Task requirements → In this exercise, retype exactly the lines from the start of the entries through the line bearing "CONVERSE SPORTS SHOES", leaving every picture out.

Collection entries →
-------
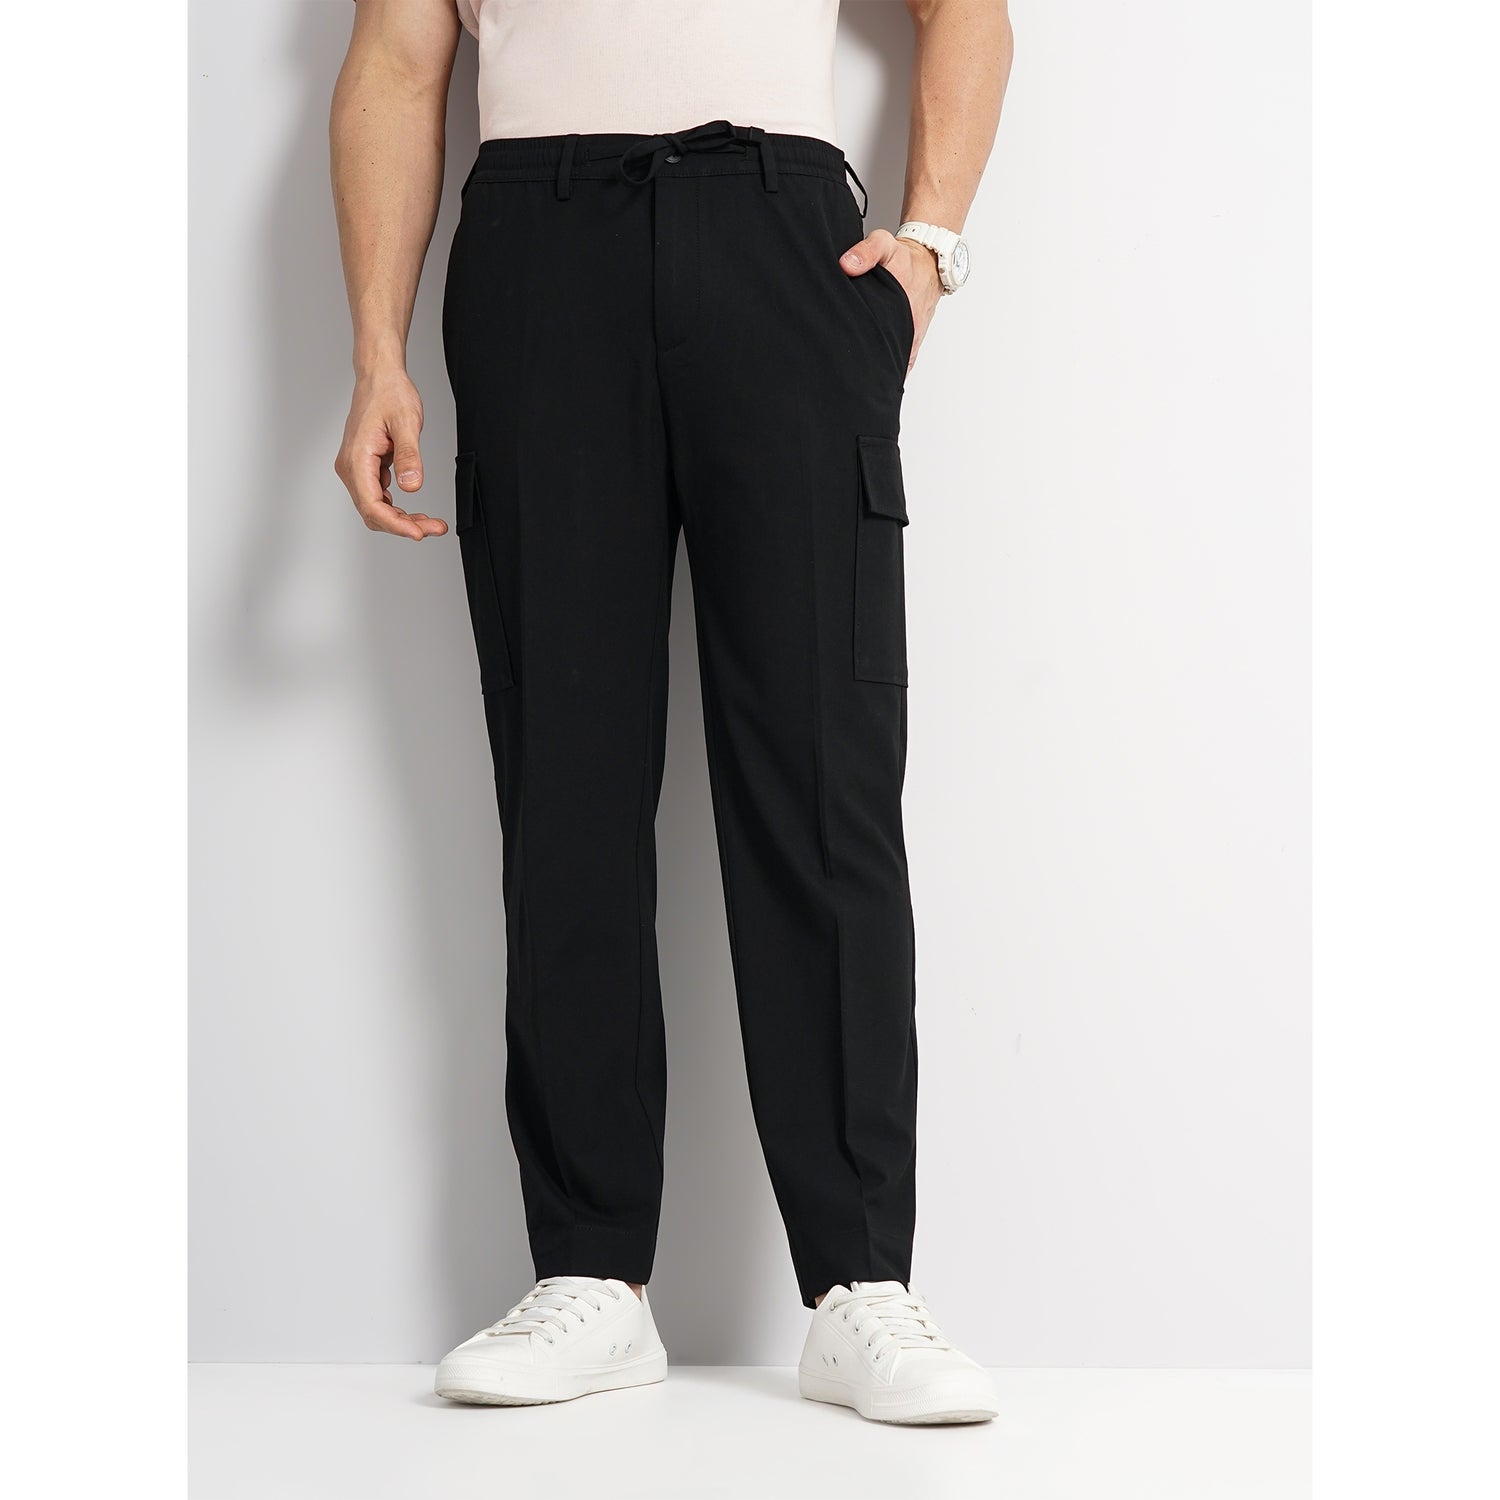 Men Black Solid Straight Fit Polyester Cargo Trousers (GOTRAVEL)
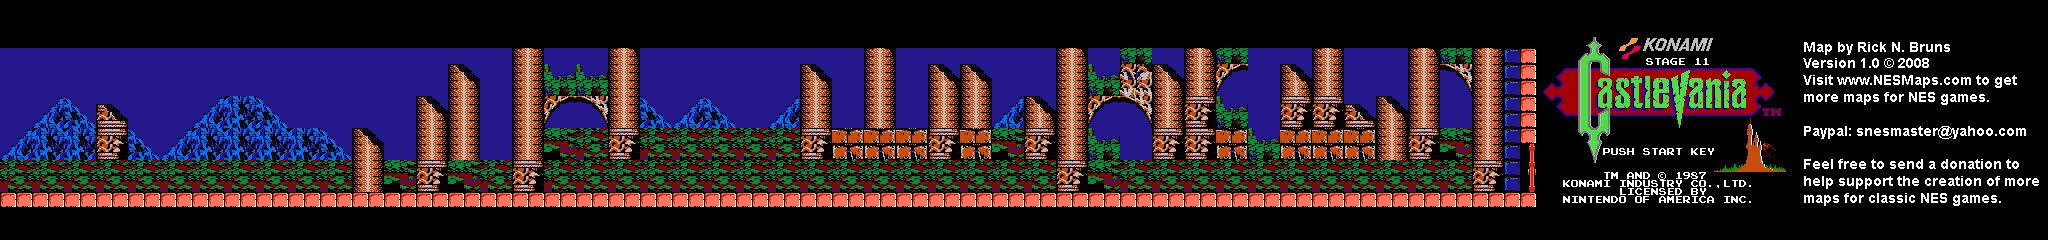 Castlevania - Stage 11 Nintendo NES Background Only Map
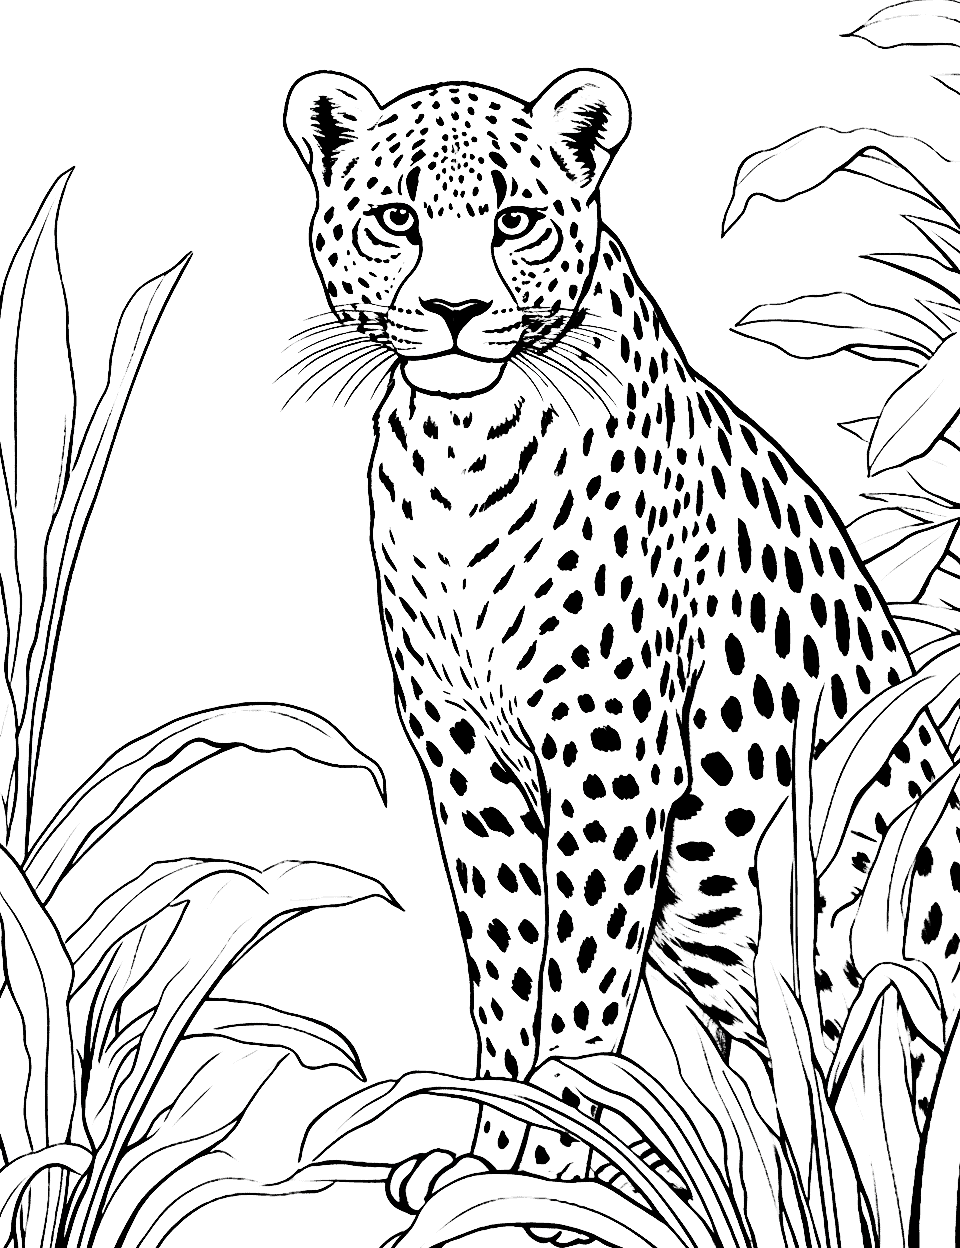 Cheetah in a Jungle Setting Coloring Page - A cheetah stealthily moving through a jungle environment.
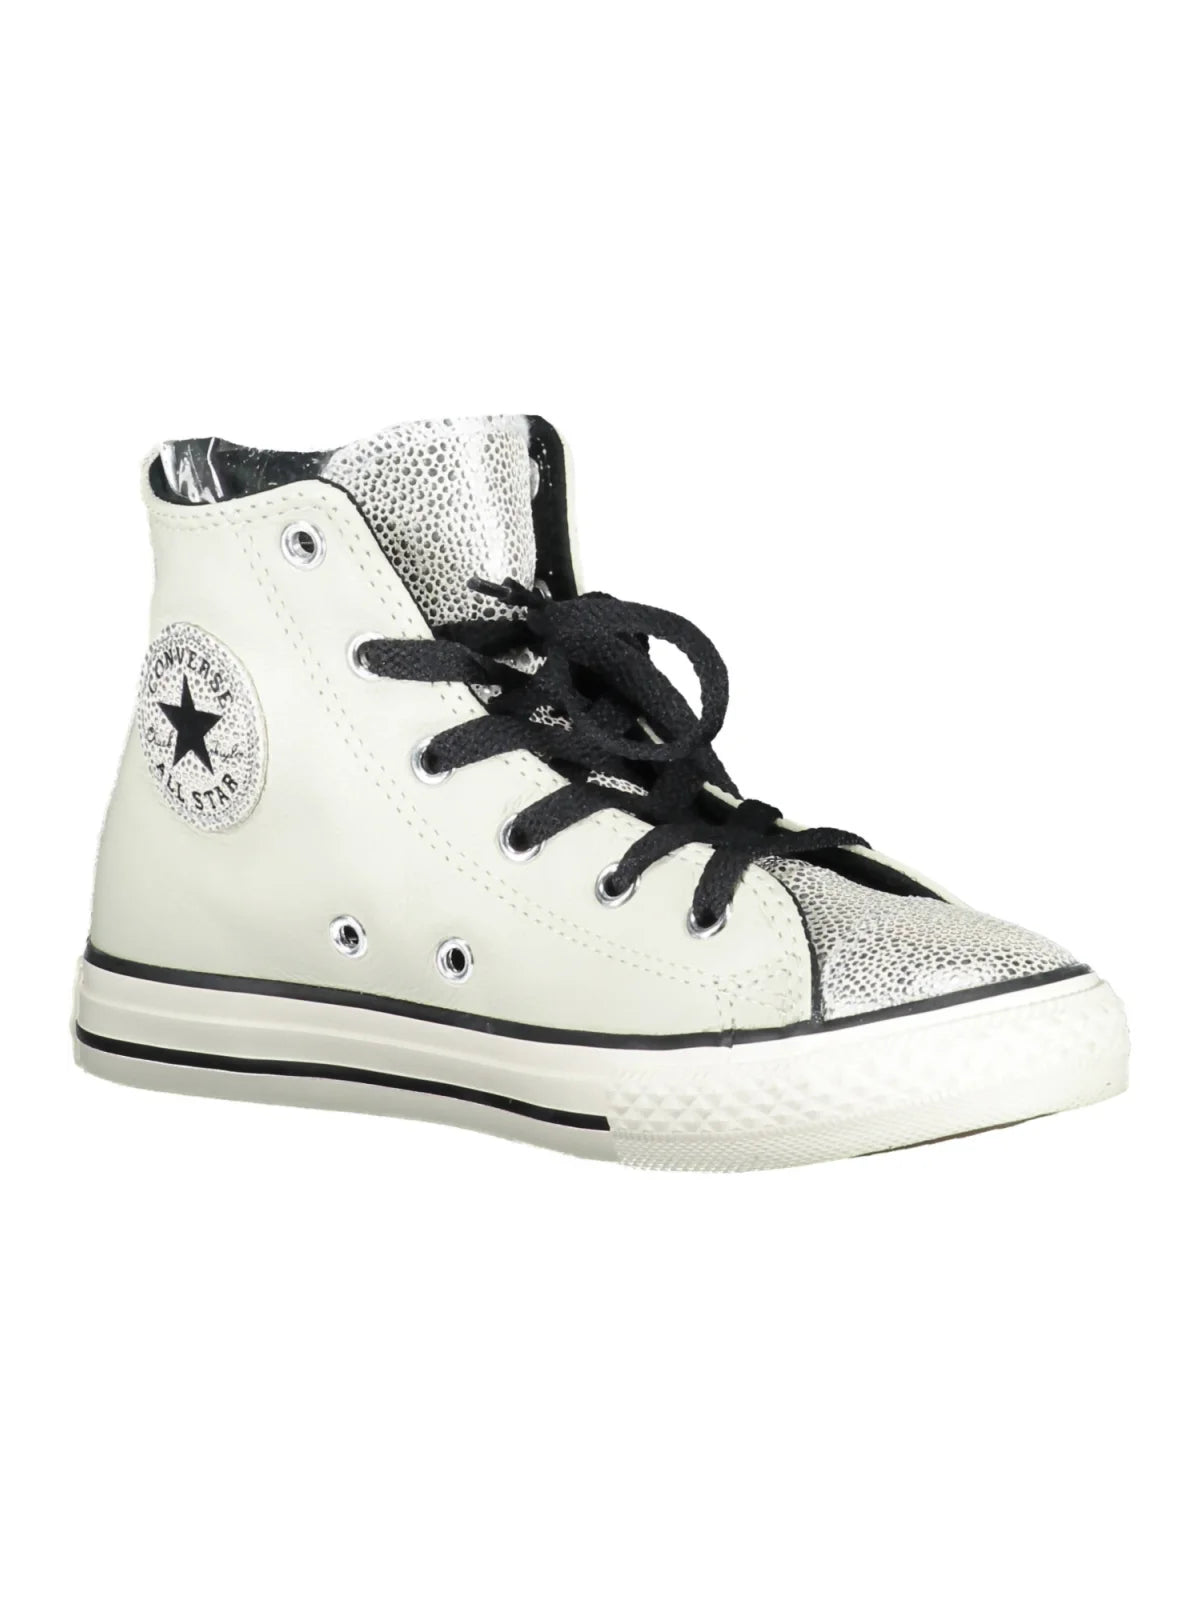 CONVERSE SPORTS SHOES FOR GIRLS SILVER-CONVERSE-SILVER-28-Urbanheer
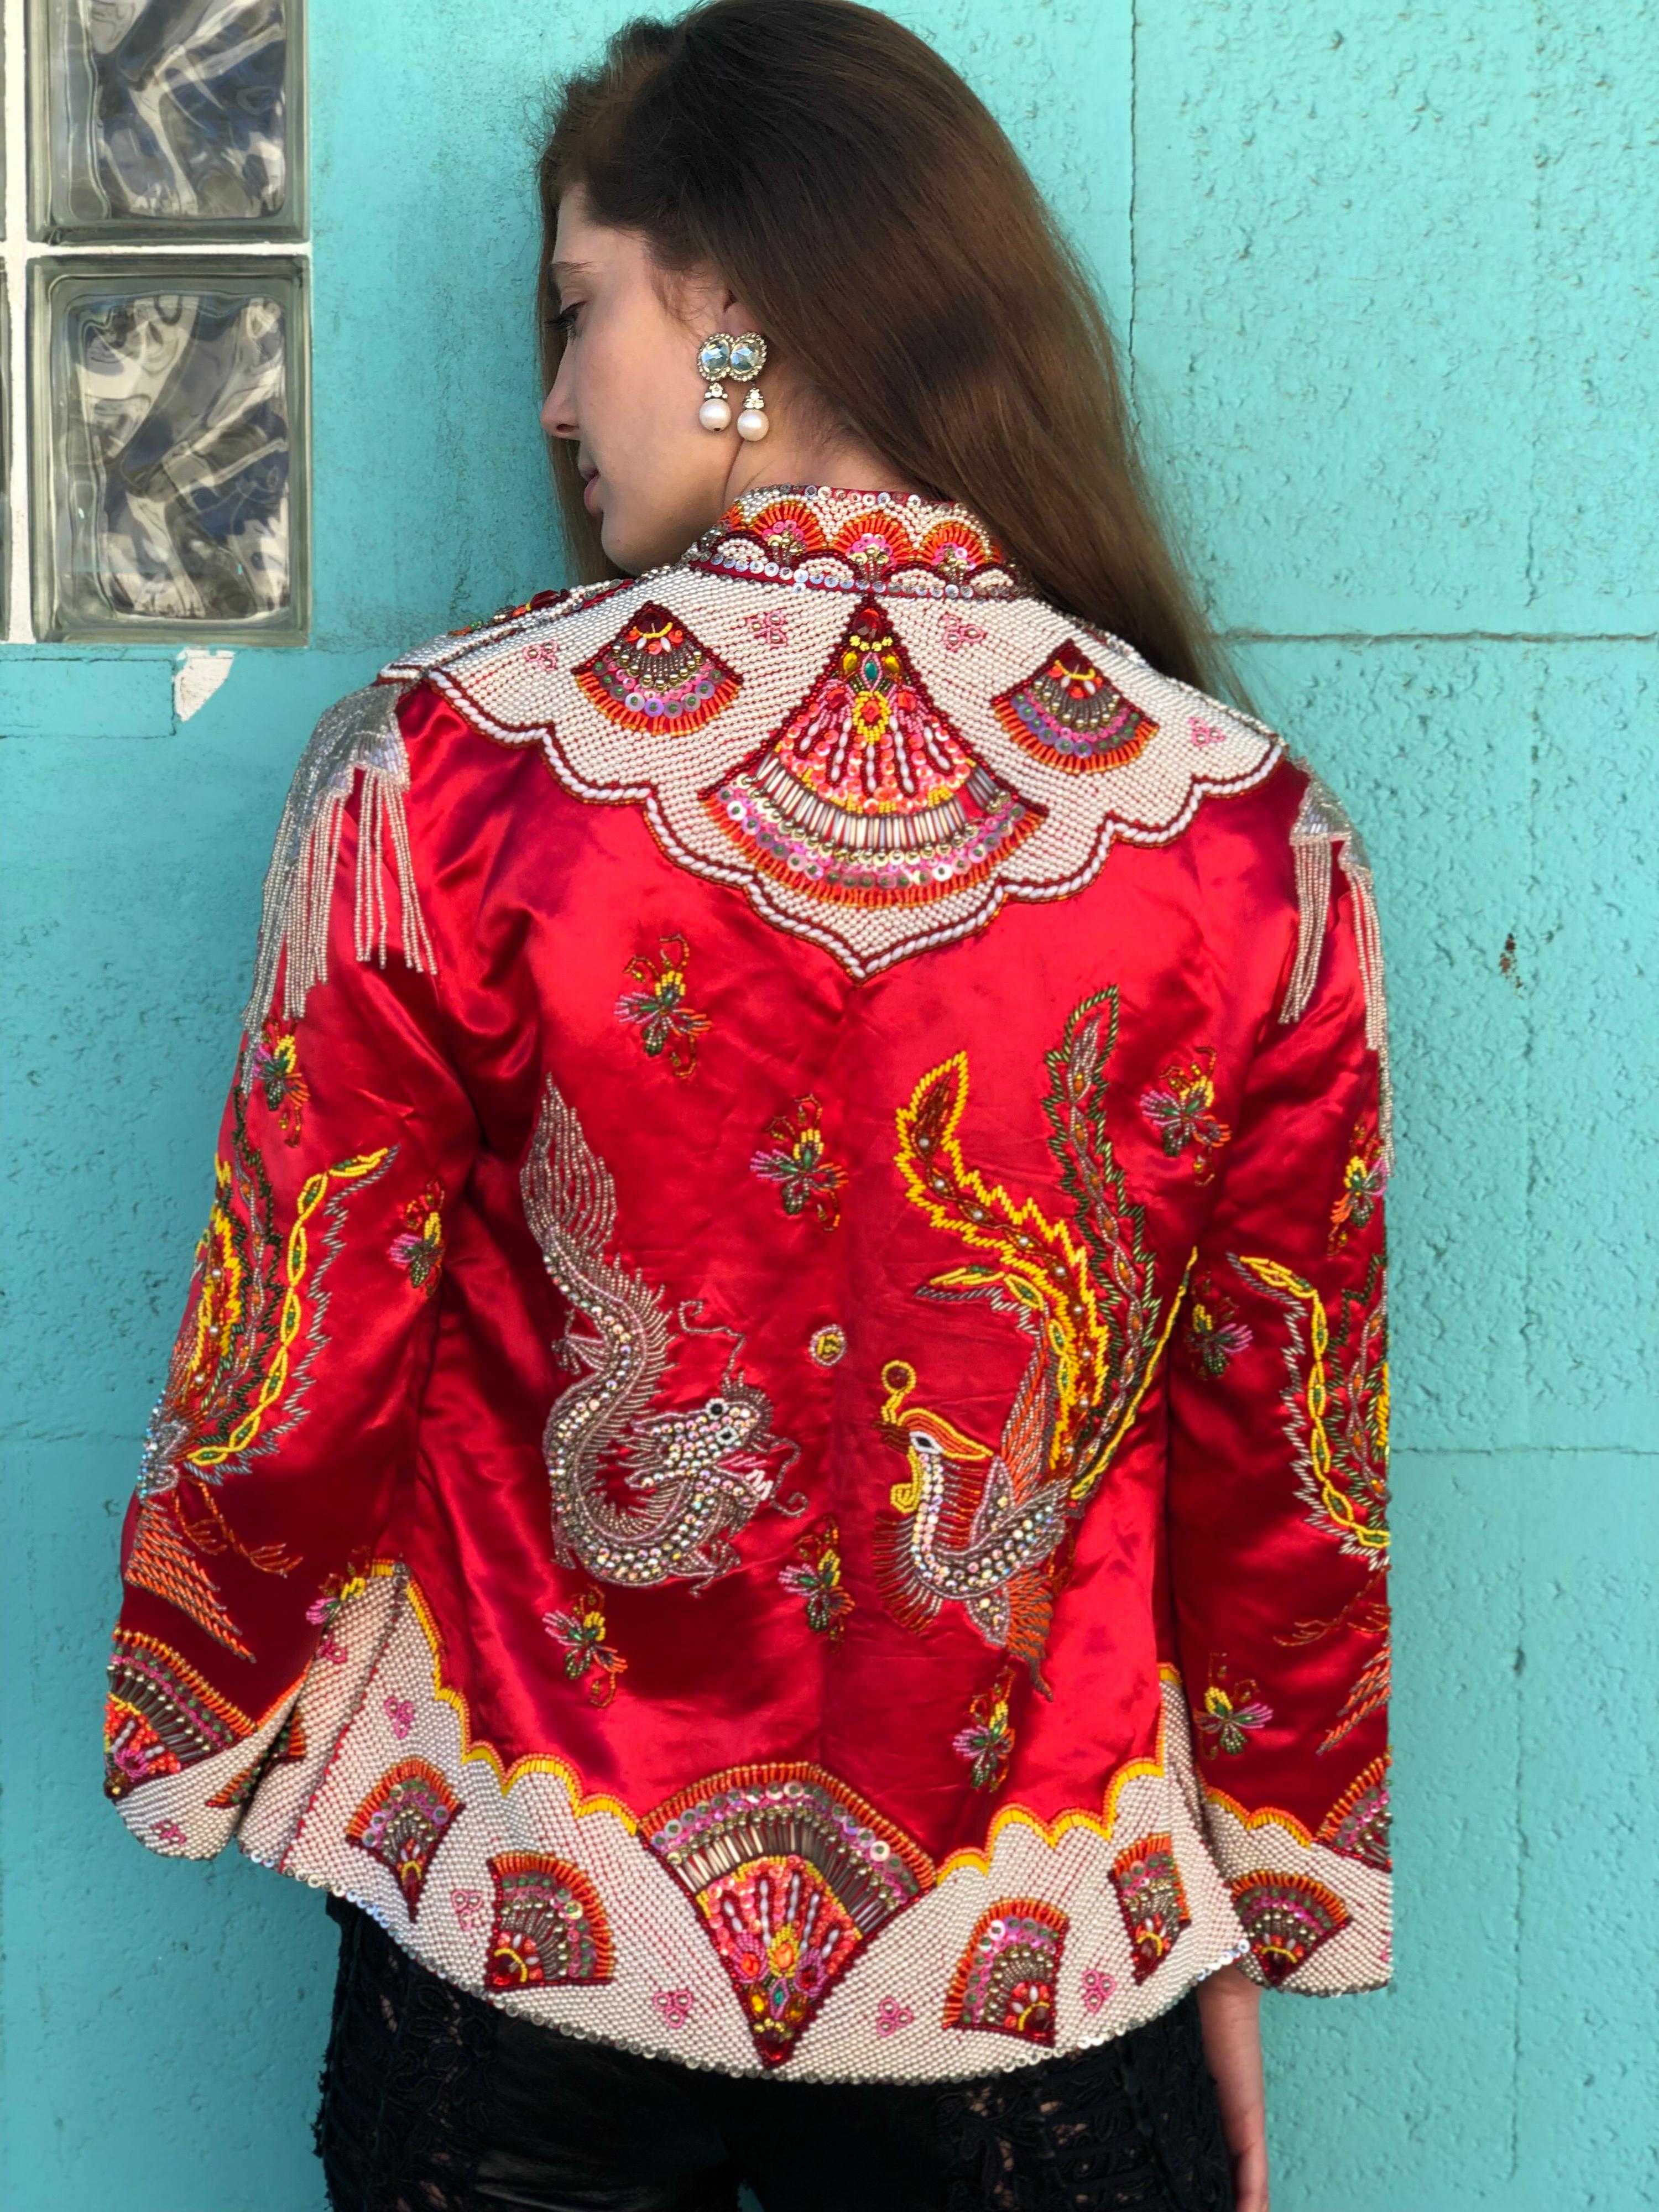 Talk about a true vintage piece! Designed by Dynasty circa 1960s, this red satin jacket is completely hand beaded with a variety of colorful sequins, rhinestones and pearls to form various Phoenix and Dragon motifs on the front and back. Jacket
-------
Response to the task →
 Men Black Solid Straight Fit Polyester Cargo Trousers (GOTRAVEL)
 Castlevania - Stage 11 Nintendo NES Background Only Map
 Cheetah in a Jungle Setting Coloring Page - A cheetah stealthily moving through a jungle environment.
 CONVERSE SPORTS SHOES FOR GIRLS SILVER-CONVERSE-SILVER-28-Urbanheer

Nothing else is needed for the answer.